California has recently seen a sharp increase in reports of prostitution and human trafficking in broad daylight, leaving many of its cities shaken and police officers blaming a new law that has made it difficult to crack down on these crimes.

The new law, Assembly Bill 5 (AB5), passed in September 2019, affects the “gig” economy and makes it harder for business owners to classify workers as independent contractors rather than employees. However, police officers claim that the legislation has also made it easier for human trafficking and prostitution to thrive.

AB5 requires employers to provide additional benefits to workers that they may not have received as independent contractors, while also making it more difficult for employers to fire them. This has made it easier for human trafficking rings to operate, since they are able to make use of the additional protections under AB5 to exploit vulnerable people.

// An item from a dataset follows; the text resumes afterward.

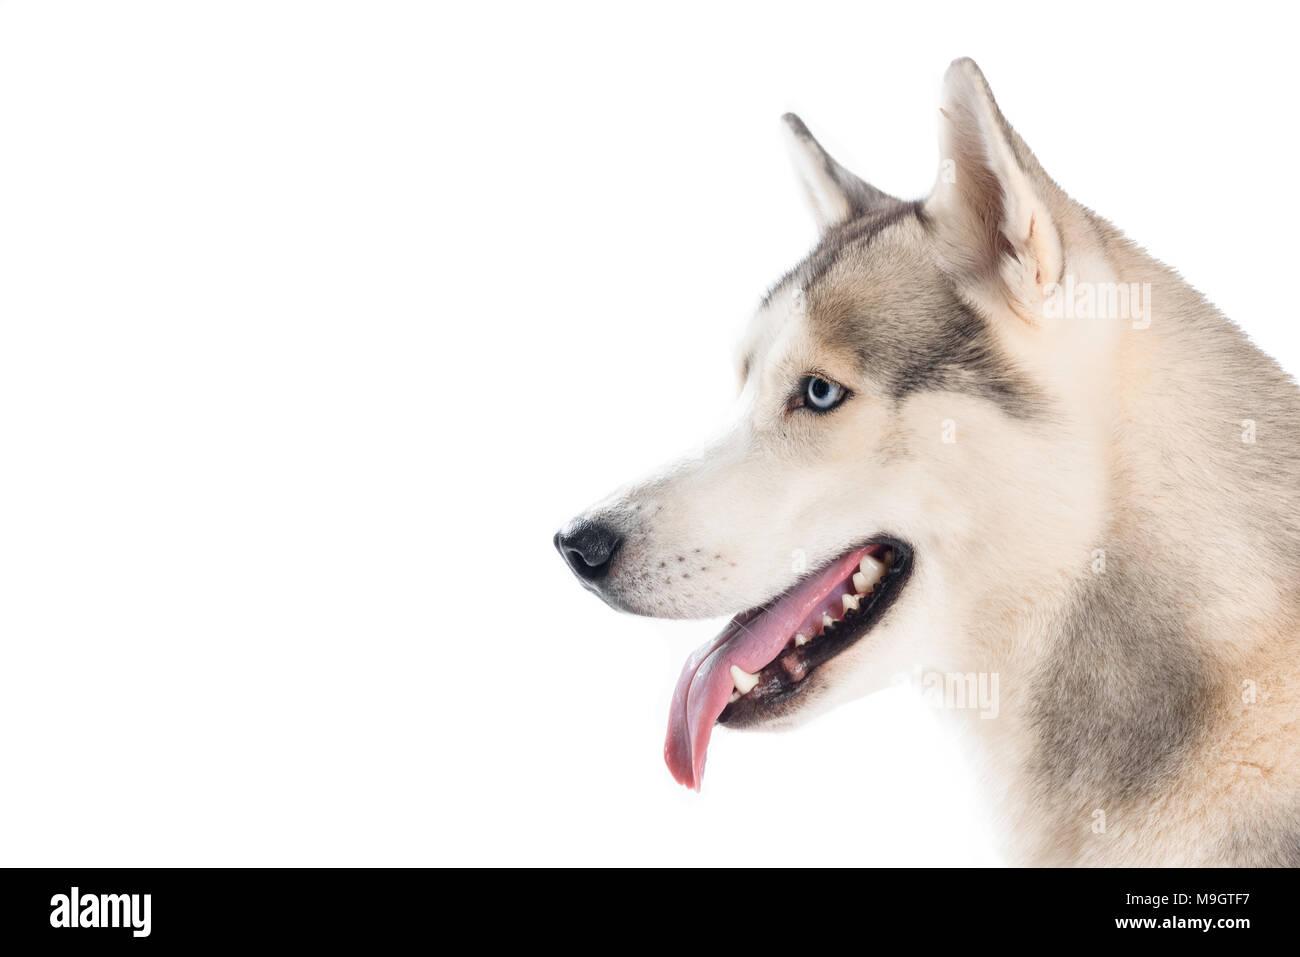 studio shot of siberian husky dog, isolated on white - Stock Image

At the same time, the law limits police officers’ ability to conduct sting operations and make arrests for prostitution. Officers are now required to get a warrant for a sting, rather than just showing up at a location and asking questions. This has made it much harder for law enforcement to fight this type of crime.

The cities of San Diego and Long Beach have seen some of the worst effects of this law, with prostitution and human trafficking becoming more visible in broad daylight. In San Diego, police officers have reported more than double the amount of human trafficking cases in 2020 compared to 2019.

Local officials and police officers are now pushing to repeal AB5, so that they can better fight human trafficking and prostitution. They hope that by undoing this law, they can restore their ability to conduct sting operations and reduce prostitution and human trafficking in their communities.